-- Opening Marker --

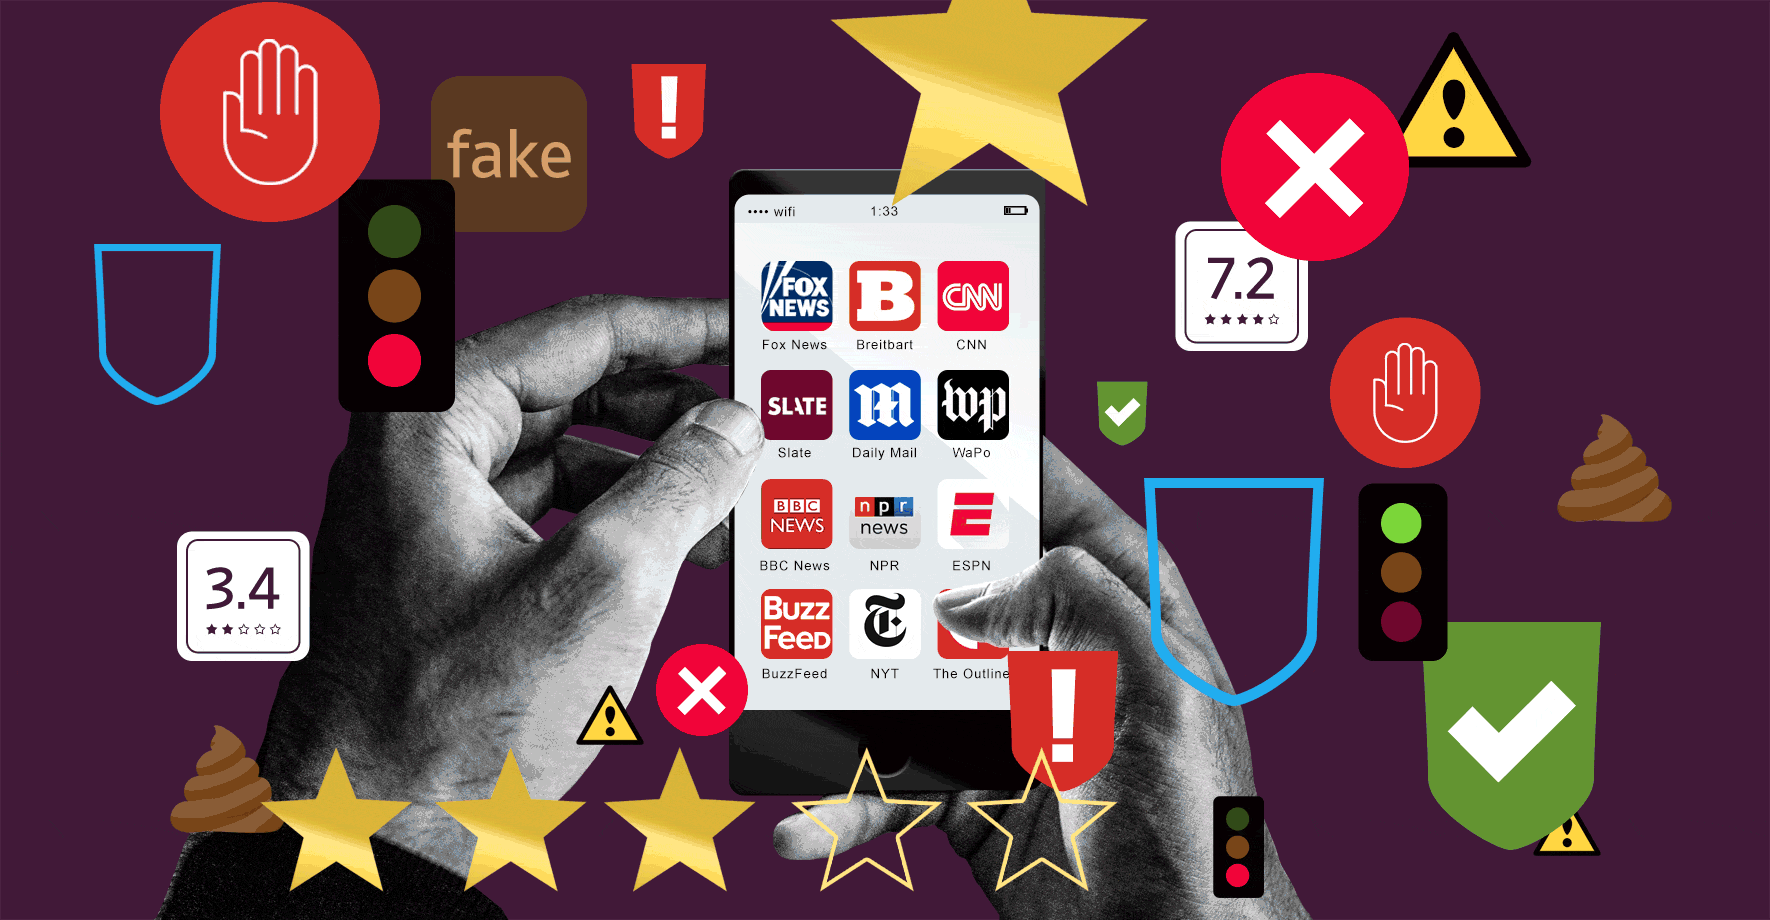 A smartphone with icons of news organizations is surrounded by shield icons from NewsGuard, star ratings, traffic lights, a piece of poop, and other rating symbols.
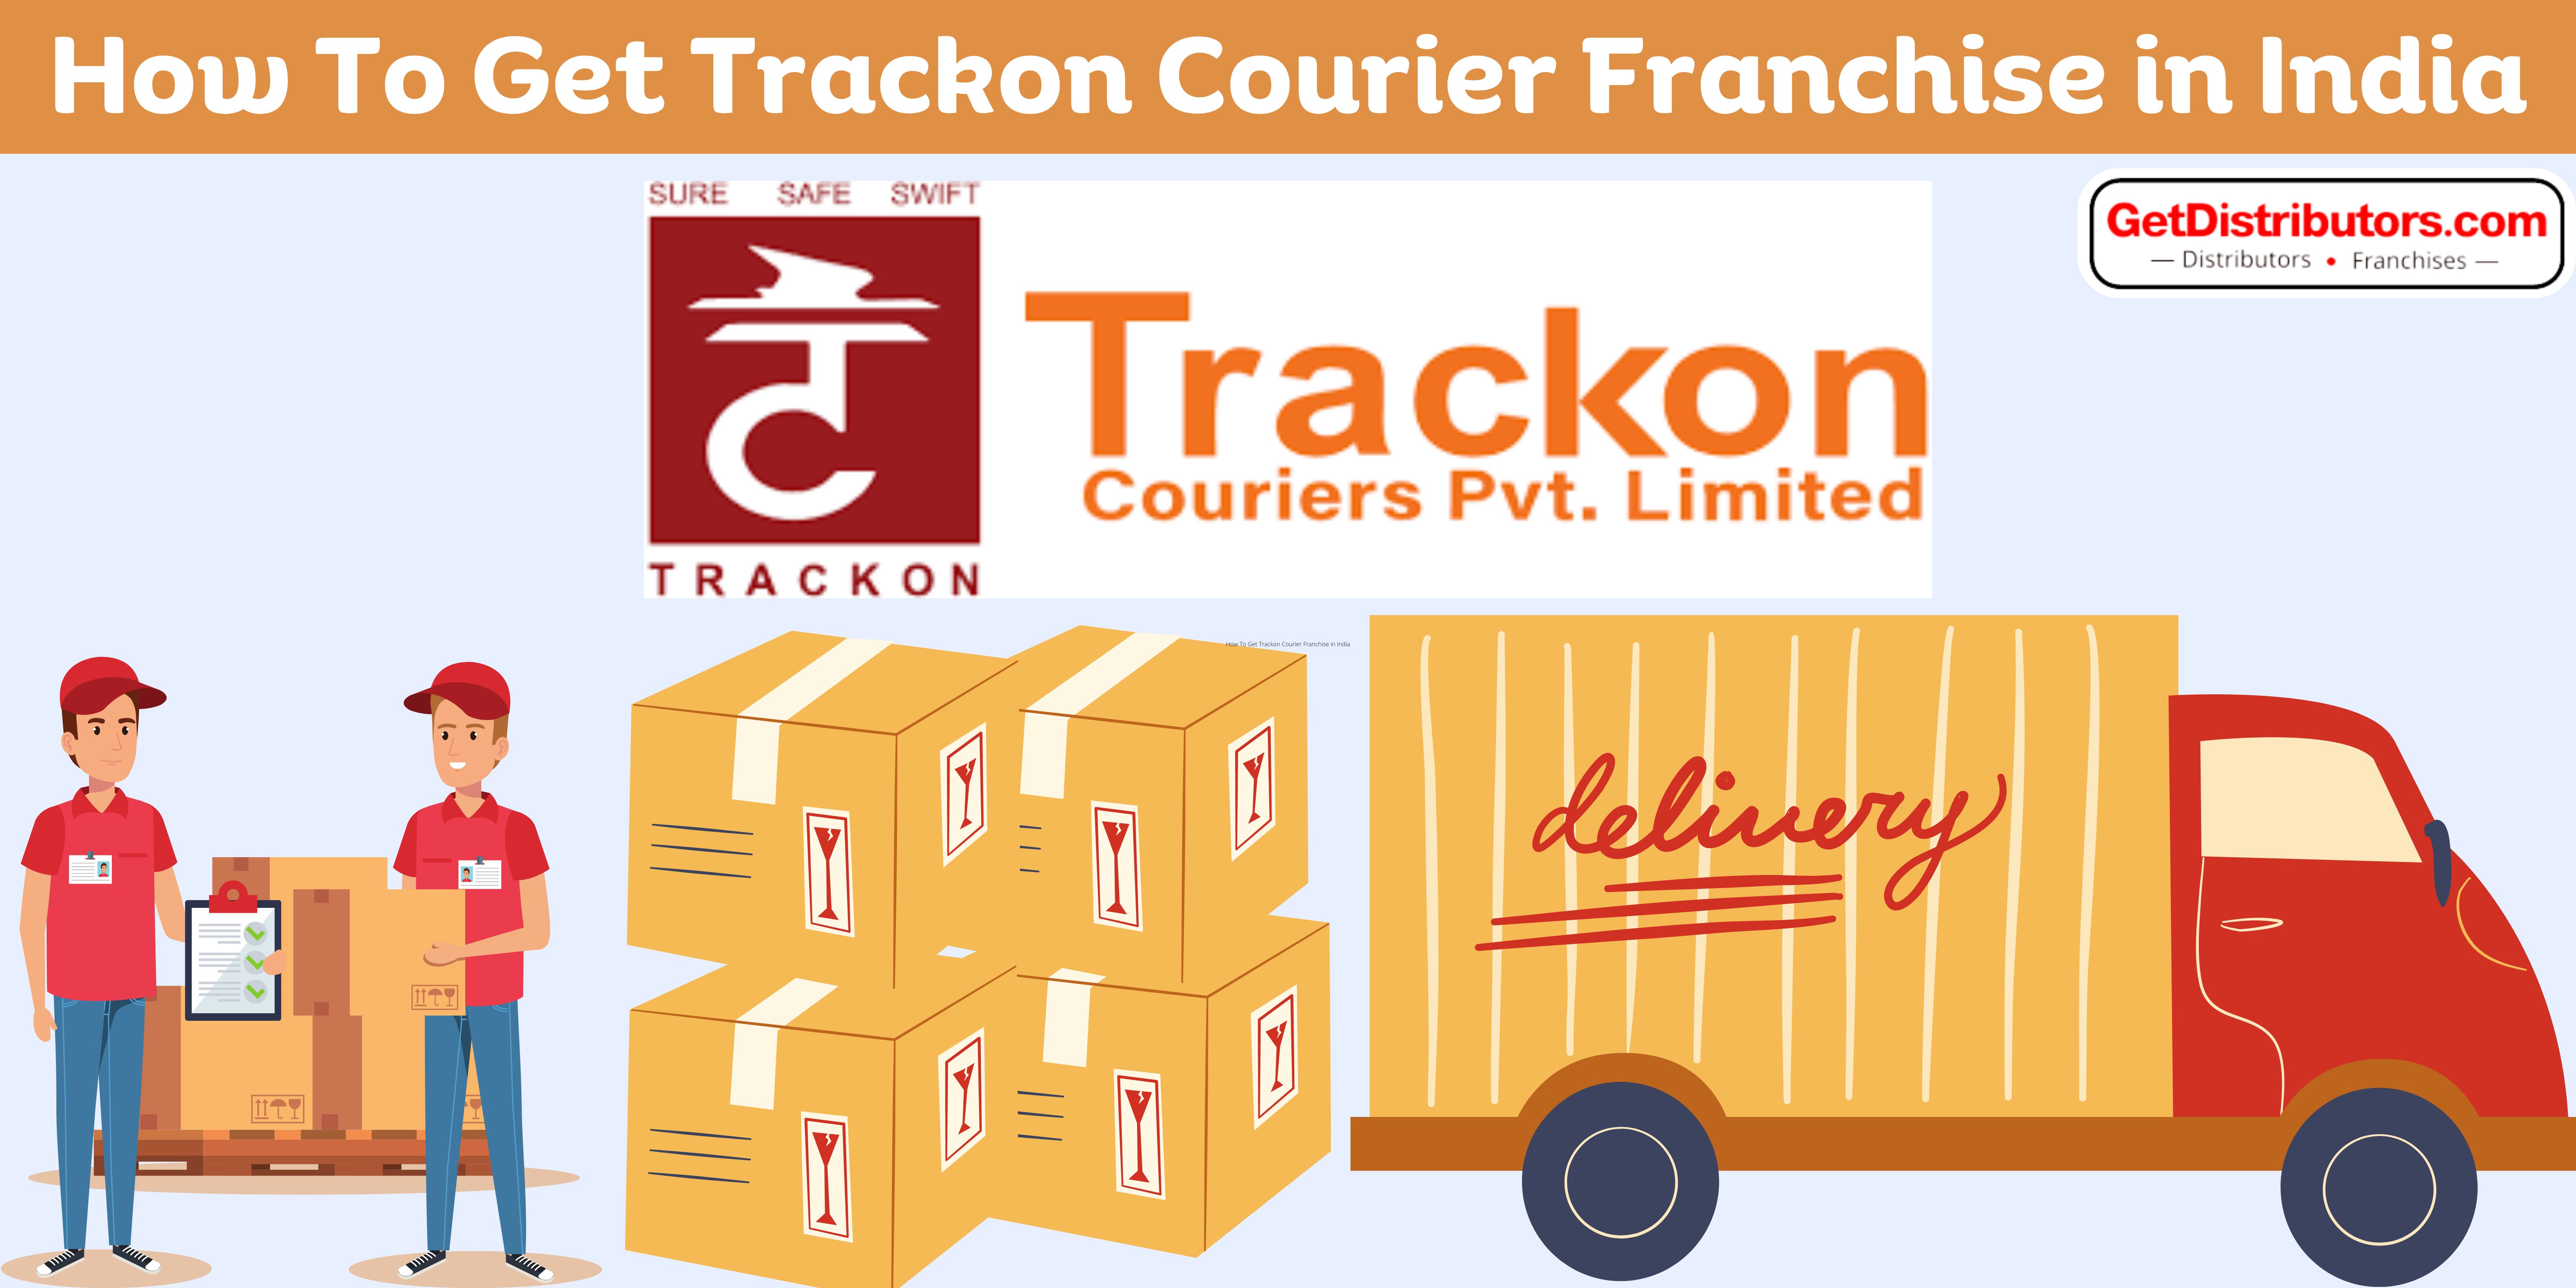 How To Get Trackon Courier Franchise In India
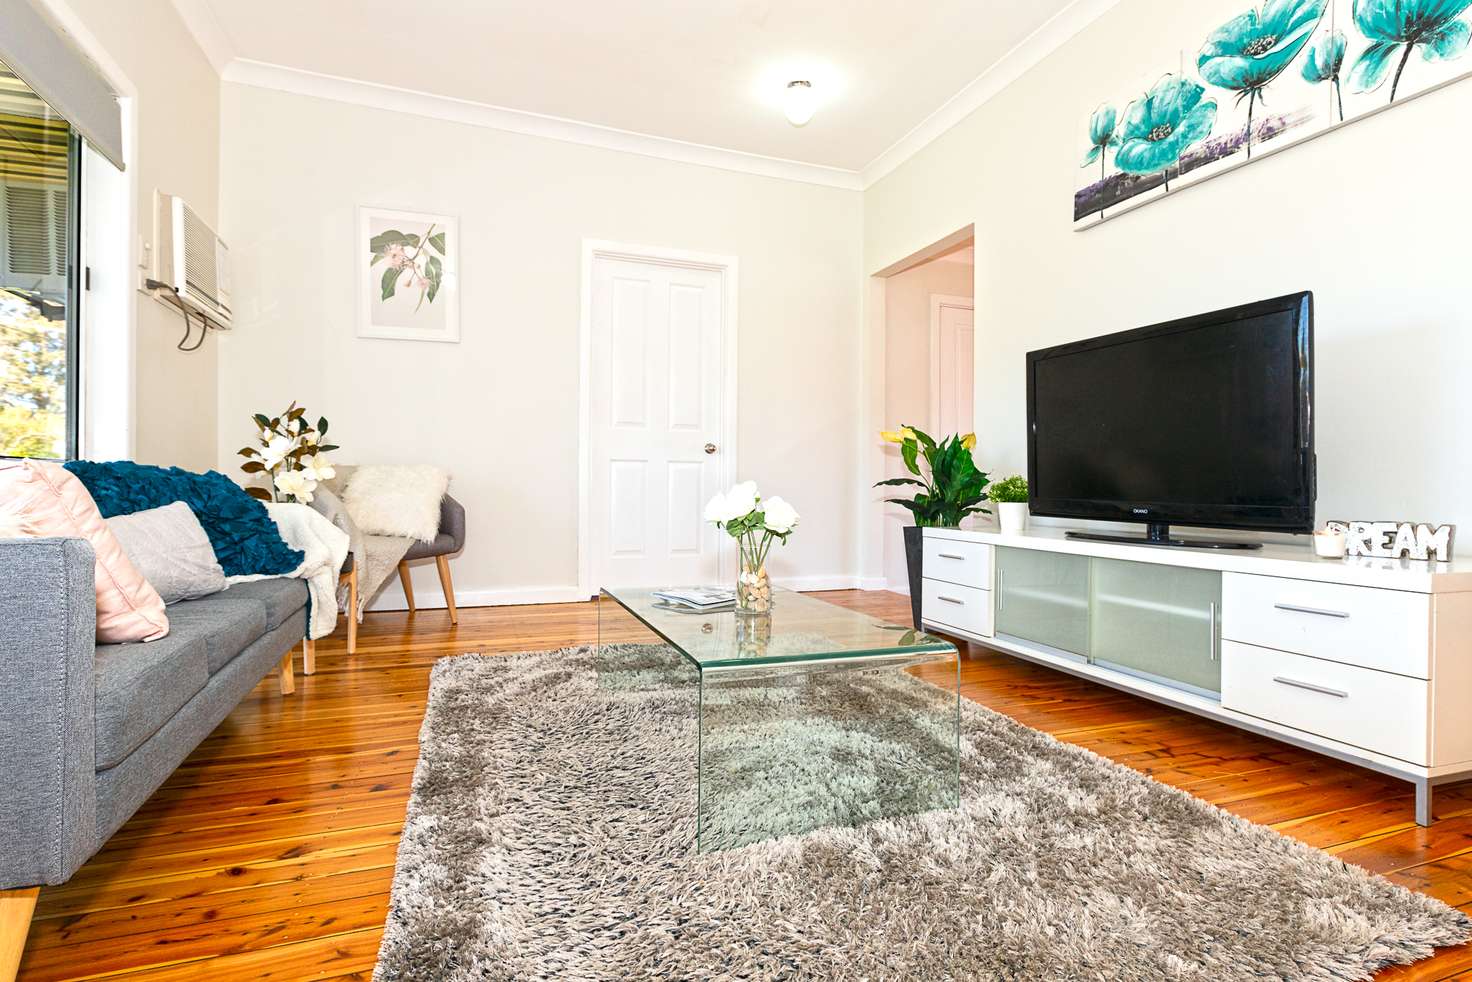 Main view of Homely house listing, 5 Eden Street, Marayong NSW 2148
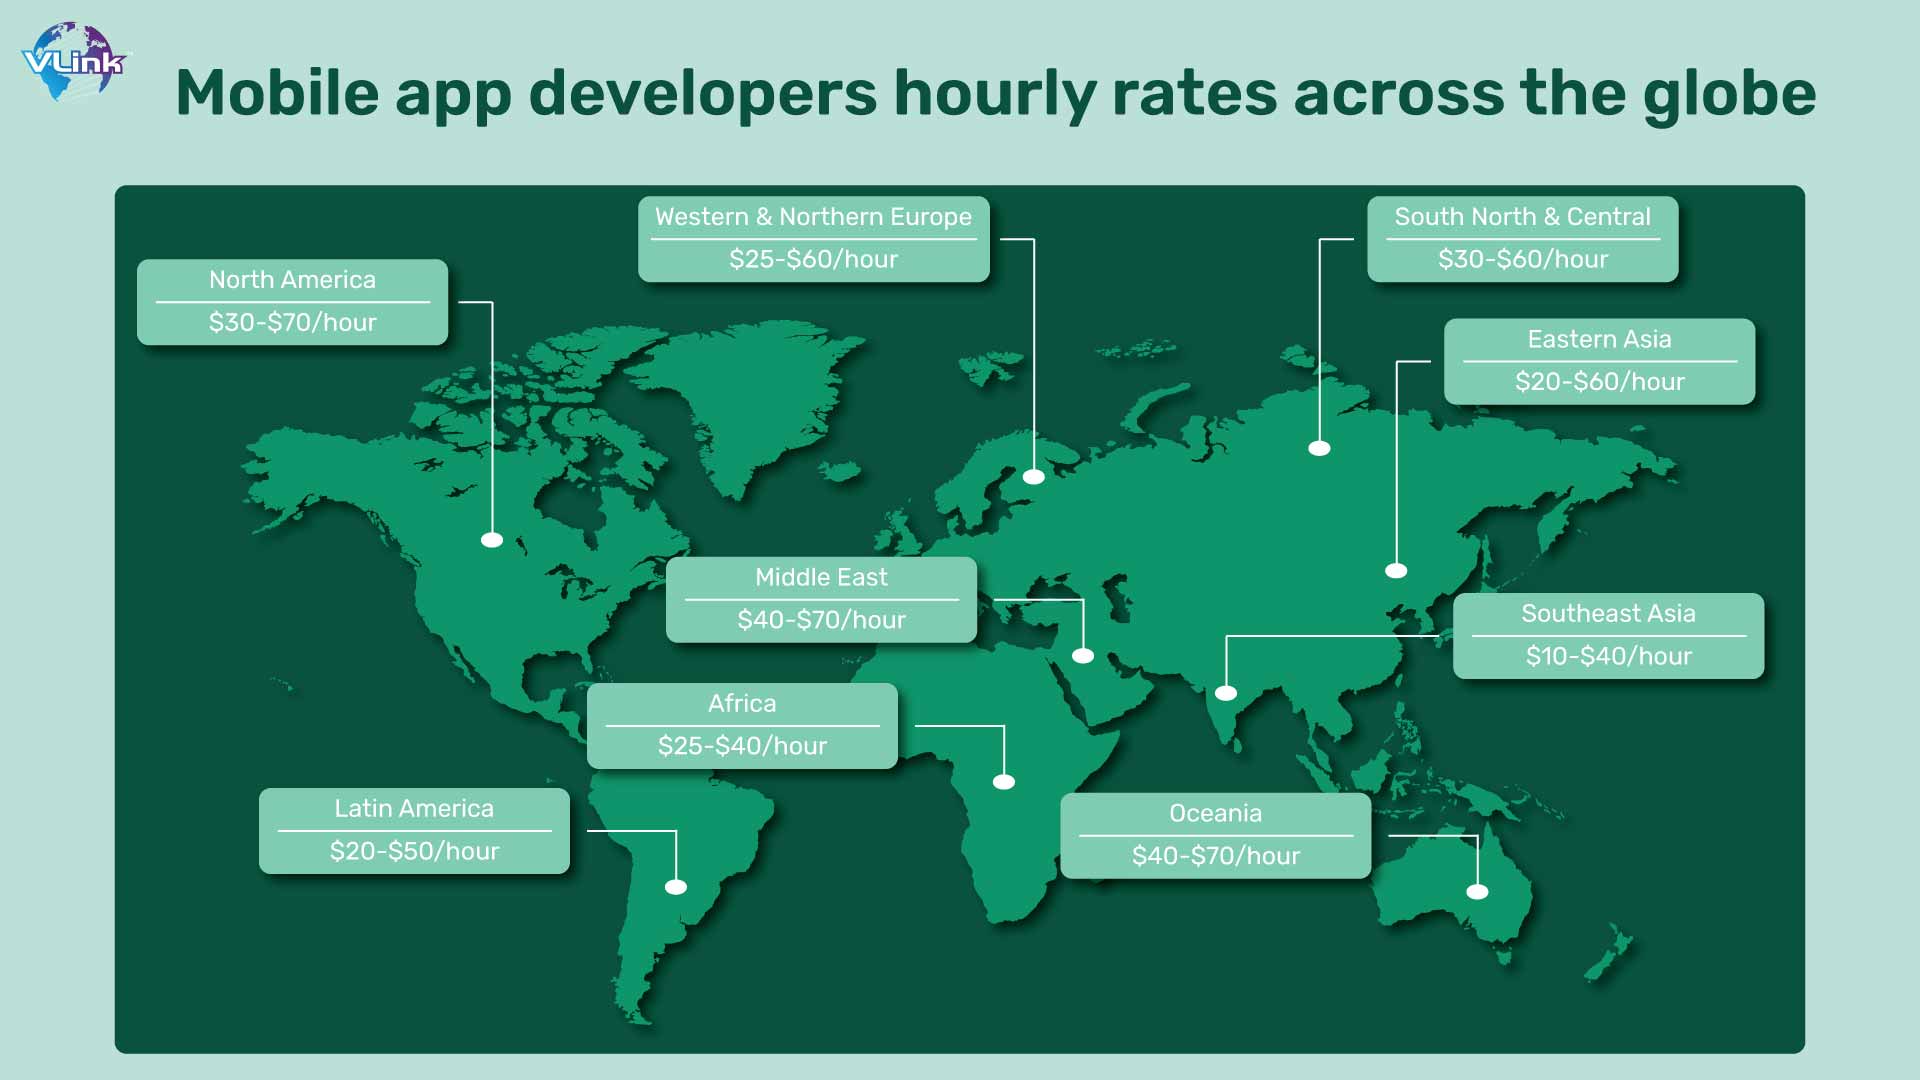 Mobile app developers hourly rates across the globe

-- Closing Marker --

**Your objective:**
From the first line to the last, write out the data exactly, dropping any pictures.

**Task answer:**
 A smartphone with icons of news organizations is surrounded by shield icons from NewsGuard, star ratings, traffic lights, a piece of poop, and other rating symbols.
 How To Get Trackon Courier Franchise In India
 Main view of Homely house listing, 5 Eden Street, Marayong NSW 2148
 Mobile app developers hourly rates across the globe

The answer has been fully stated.